In another embodiment, the invention provides a transgenic plant transformed with an expression cassette comprising, in operative association, an isolated polynucleotide encoding a promoter and an isolated polynucleotide encoding a full-length hydrogenase-2 accessory polypeptide; wherein the transgenic plant demonstrates increased yield as compared to a wild type plant of the same variety which does not comprise the expression cassette.

In another embodiment, the invention provides a transgenic plant transformed with an expression cassette comprising, in operative association, an isolated polynucleotide encoding a promoter capable of enhancing gene expression in leaves; an isolated polynucleotide encoding a mitochondrial transit peptide; and an isolated polynucleotide encoding a full-length isocitrate lyase polypeptide; wherein the transgenic plant demonstrates increased yield as compared to a wild type plant of the same variety which does not comprise the expression cassette.

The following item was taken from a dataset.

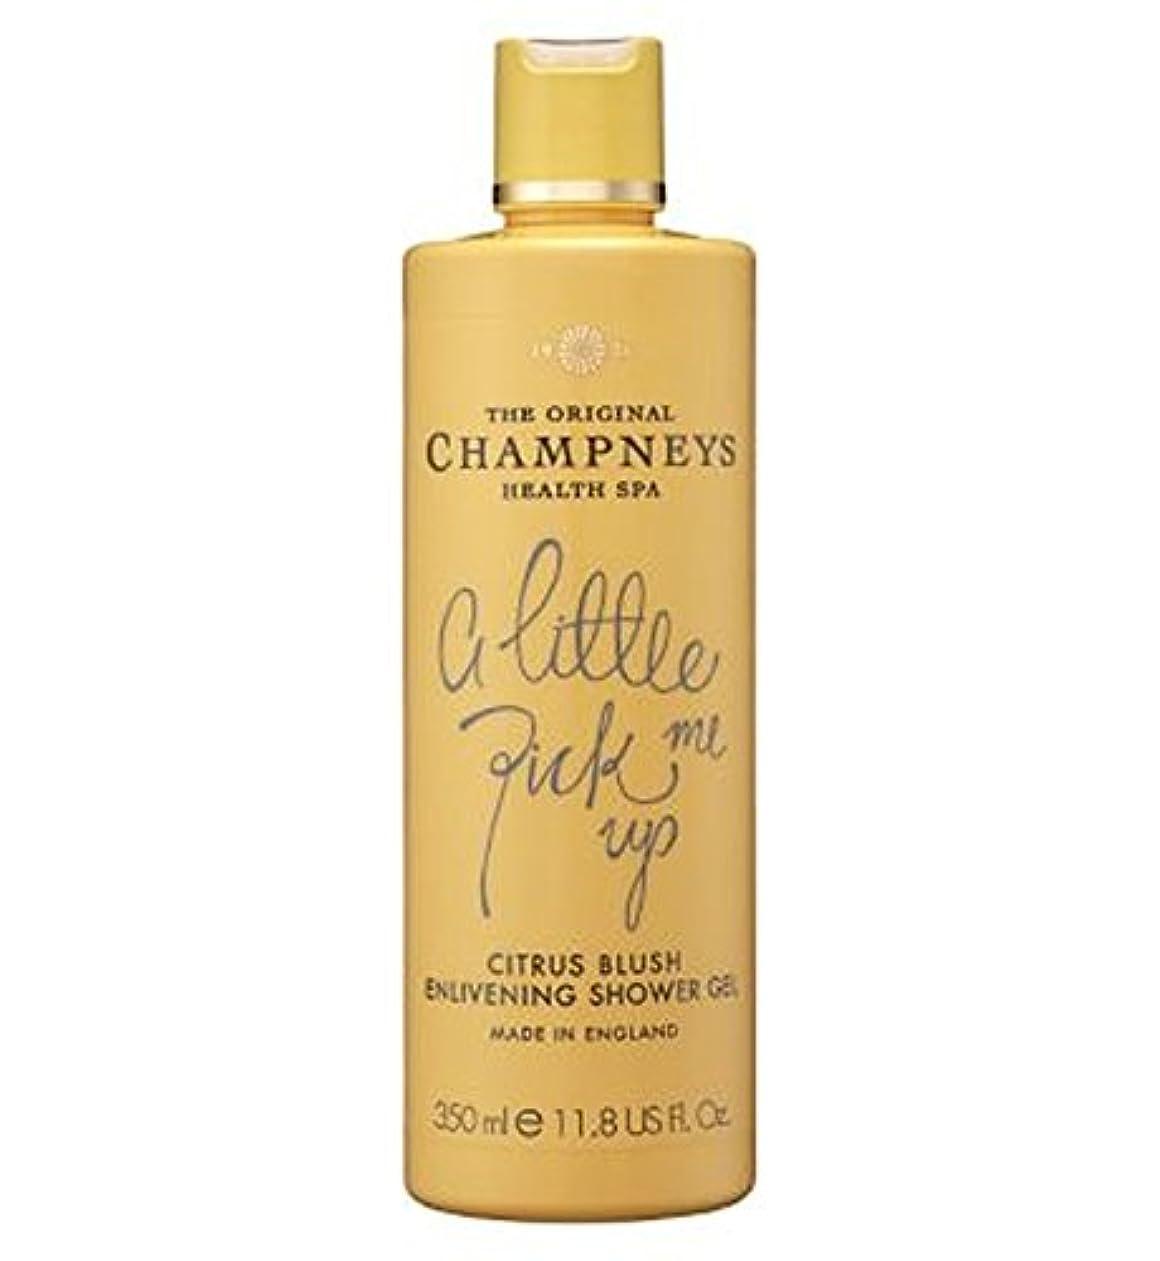 褒賞なぞらえる五十Champneys Citrus Blush Enlivening Shower Gel 350ml - チャンプニーズシトラス赤面盛り上げシャワージェル350ミリリットル (Champneys) [並行輸入品]

In another embodiment, the invention provides a transgenic plant transformed with an expression cassette comprising, in operative association, an isolated polynucleotide encoding a promoter; an isolated polynucleotide encoding a chloroplast transit peptide; and an isolated polynucleotide encoding a full-length phospholipid hydroperoxide glutathione peroxidase polypeptide; wherein the transgenic plant demonstrates increased yield as compared to a wild type plant of the same variety which does not comprise the expression cassette.

In another embodiment, the invention provides a transgenic plant transformed with an expression cassette comprising, in operative association, an isolated polynucleotide encoding a promoter and an isolated polynucleotide encoding a full-length gamma-glutamyltranspeptidase polypeptide; wherein the transgenic plant demonstrates increased yield as compared to a wild type plant of the same variety which does not comprise the expression cassette.

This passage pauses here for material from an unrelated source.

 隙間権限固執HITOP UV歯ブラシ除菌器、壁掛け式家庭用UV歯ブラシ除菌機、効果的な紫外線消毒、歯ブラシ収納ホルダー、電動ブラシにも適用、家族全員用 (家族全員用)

In another embodiment, the invention provides a transgenic plant transformed with an expression cassette comprising, in operative association, an isolated polynucleotide encoding a promoter; an isolated polynucleotide encoding a mitochondrial transit peptide; and an isolated polynucleotide encoding a full-length ATP synthase subunit B′ polypeptide; wherein the transgenic plant demonstrates increased yield as compared to a wild type plant of the same variety which does not comprise the expression cassette.

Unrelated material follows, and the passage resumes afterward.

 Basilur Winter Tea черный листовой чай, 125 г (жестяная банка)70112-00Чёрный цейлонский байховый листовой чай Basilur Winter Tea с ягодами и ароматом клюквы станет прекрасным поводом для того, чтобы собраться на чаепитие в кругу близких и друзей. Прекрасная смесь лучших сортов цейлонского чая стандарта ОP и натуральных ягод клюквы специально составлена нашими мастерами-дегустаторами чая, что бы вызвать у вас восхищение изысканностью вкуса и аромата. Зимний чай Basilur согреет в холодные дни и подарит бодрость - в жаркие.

In another embodiment, the invention provides a transgenic plant transformed with an expression cassette comprising, in operative association, an isolated polynucleotide encoding a promoter; an isolated polynucleotide encoding a chloroplast transit peptide; and an isolated polynucleotide encoding a full-length C-22 sterol desaturase polypeptide; wherein the transgenic plant demonstrates increased yield as compared to a wild type plant of the same variety which does not comprise the expression cassette.